Lecoq se mit à rire.
– Il faudra peut-être faire mieux que le lâcher, papa, dit-il. Nous recauserons de cela. Vous êtes un ange!
Le vieux posa sa main sèche sur le robuste bras de Lecoq.
– Il n’y a que toi, l’Amitié, dit-il, que je n’abandonnerai jamais!
Lecoq rit plus fort et répondit:
– Papa, je pleure d’attendrissement chaque fois que je pense à l’affection qui nous lie.
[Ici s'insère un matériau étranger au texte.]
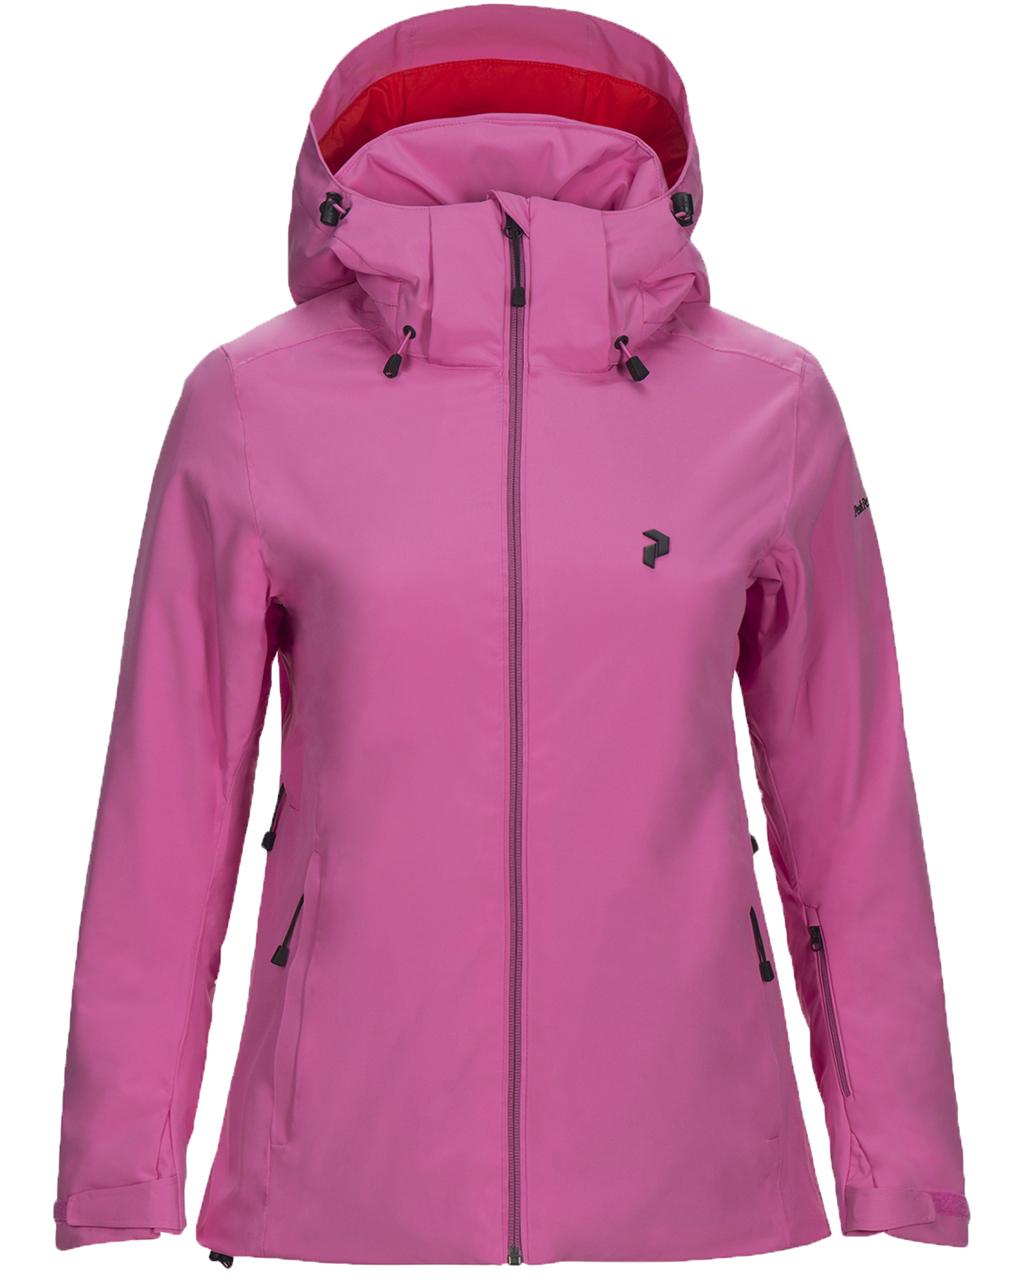 Anima Jacket W Vibrant Pink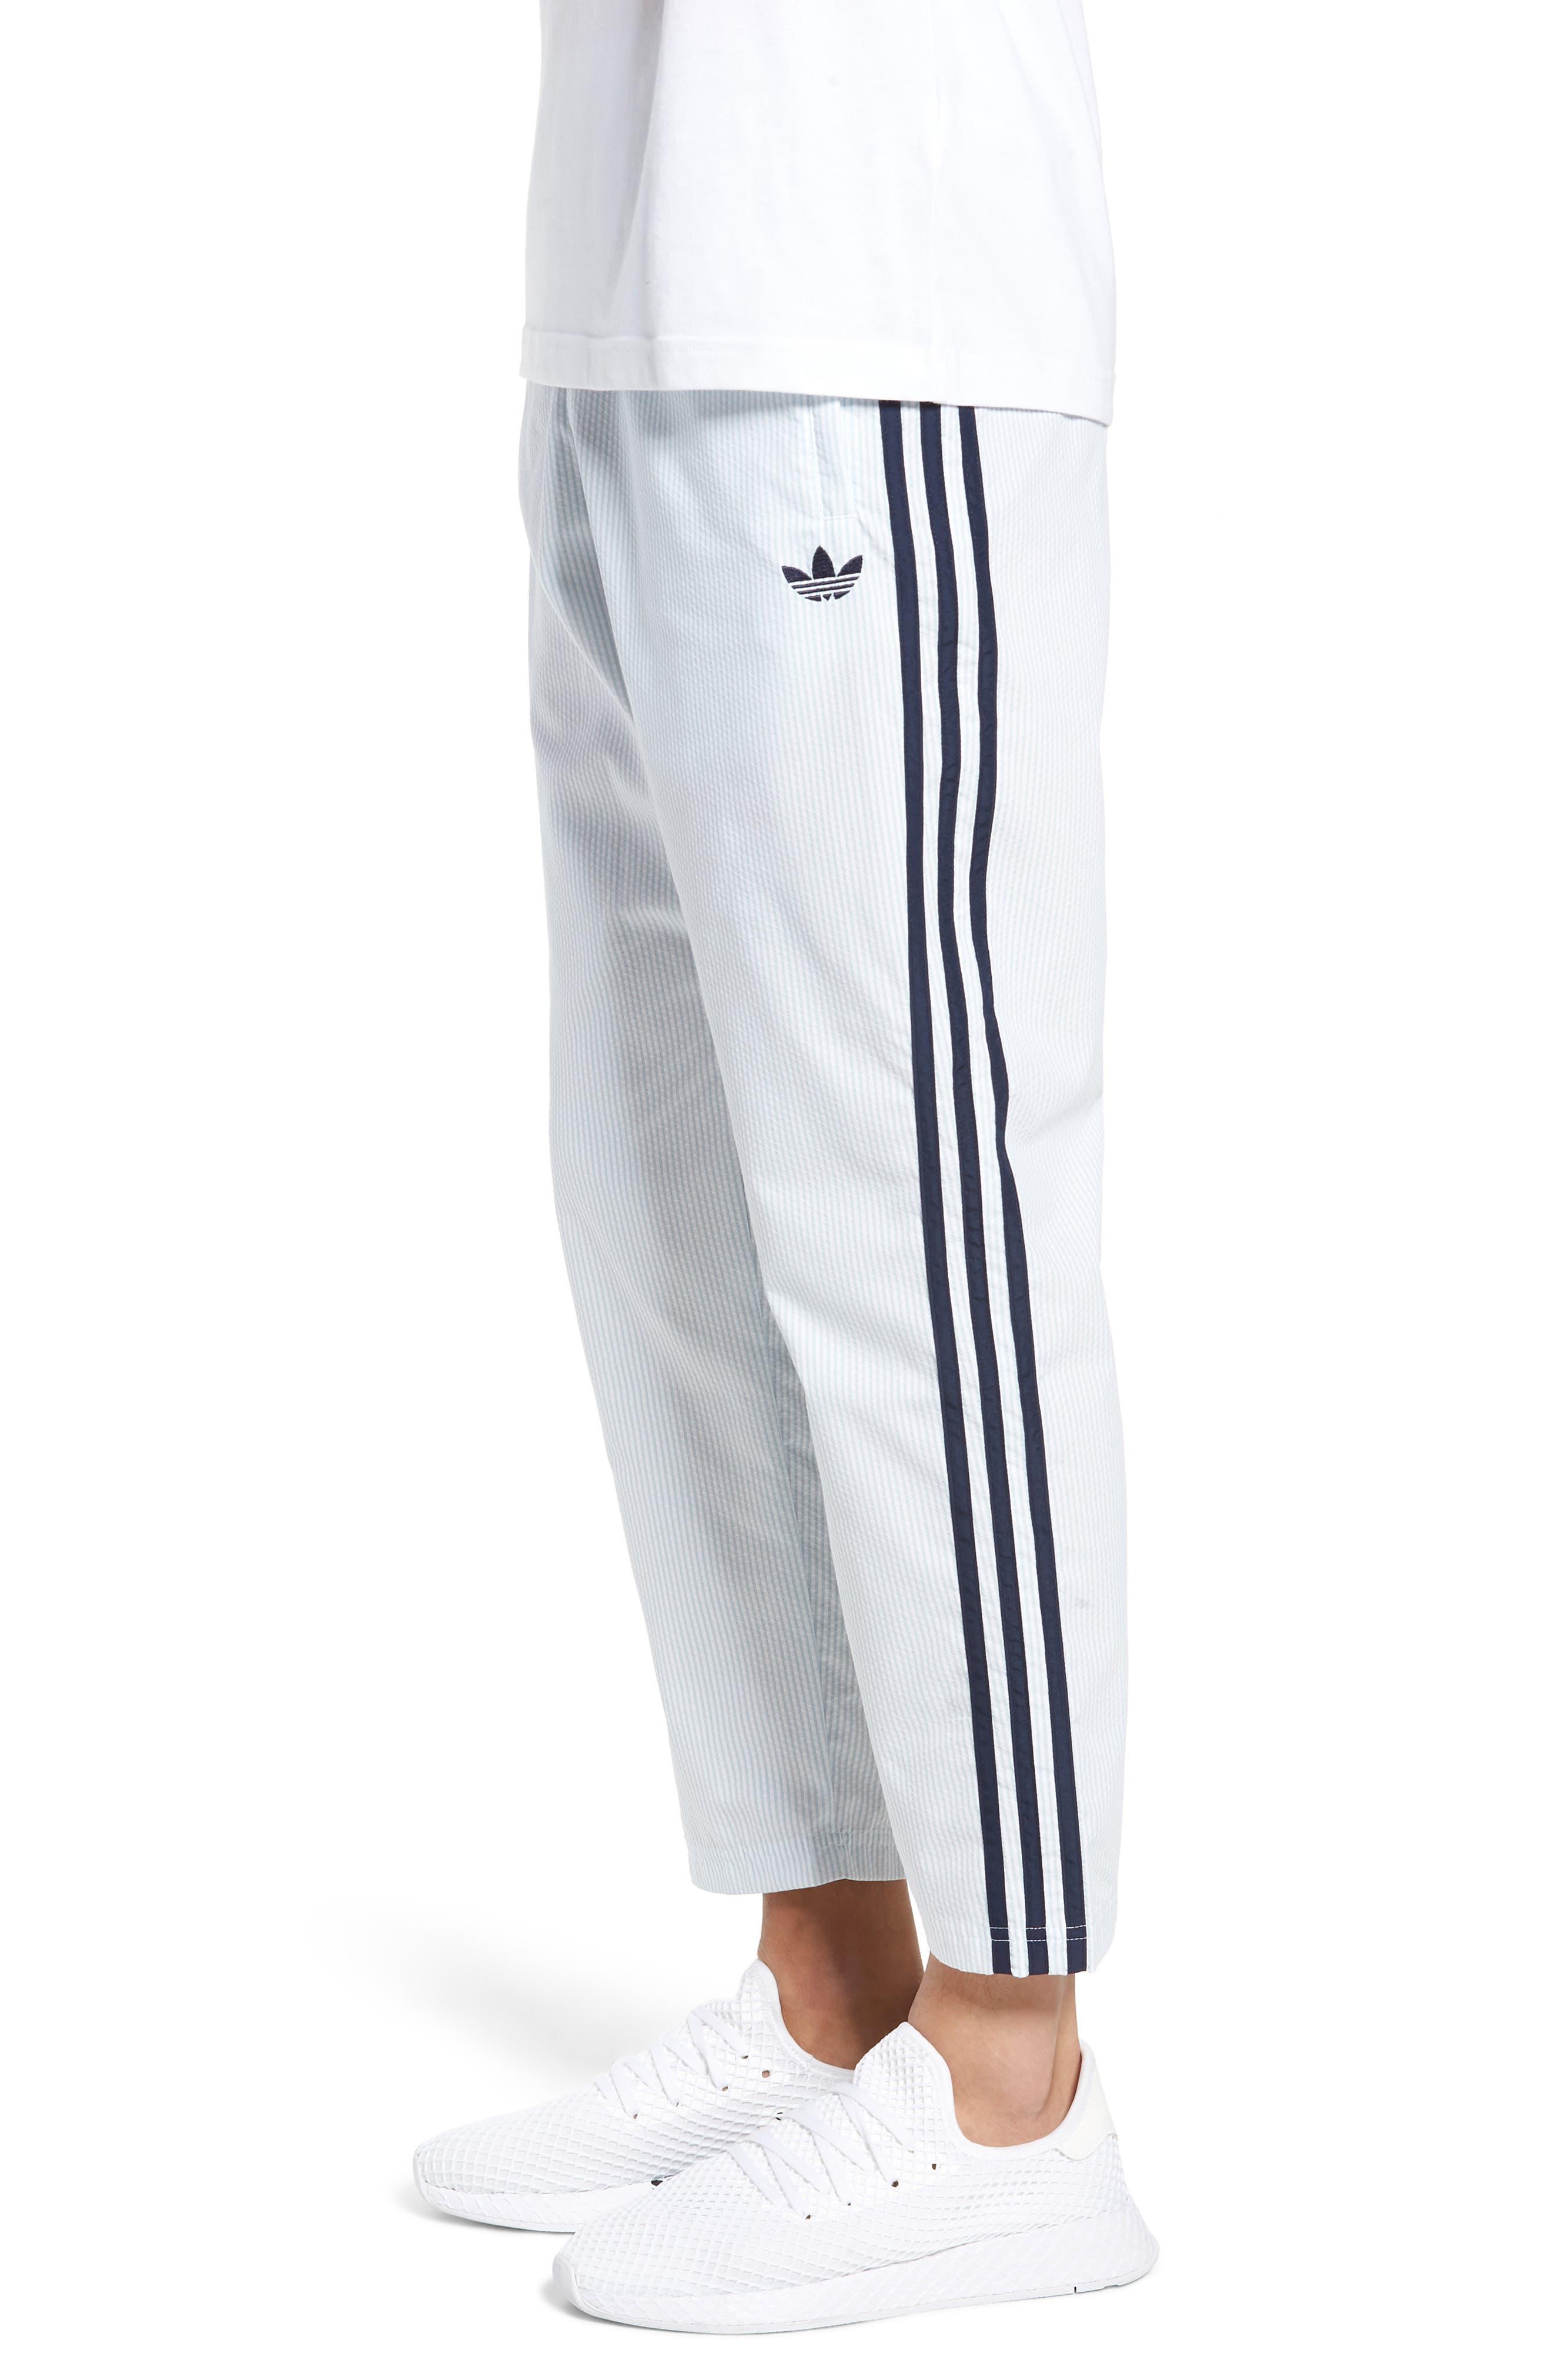 ADIDAS ORIGINALS, Seersucker Track Pants, Alternate thumbnail 4, color, ASH GREY/ WHITE

– Embrasse-moi! s’écria le colonel; je te nomme mon successeur!
Il reprit en essuyant une larme:
– Saurais-tu dire combien, jusqu’à ce jour, on a déjà soutiré à la fermière?
– De seize à dix-huit cent mille francs, répliqua Lecoq, en comptant le Château-Neuf.
– C’est joli. Et combien notre caisse a-t-elle reçu?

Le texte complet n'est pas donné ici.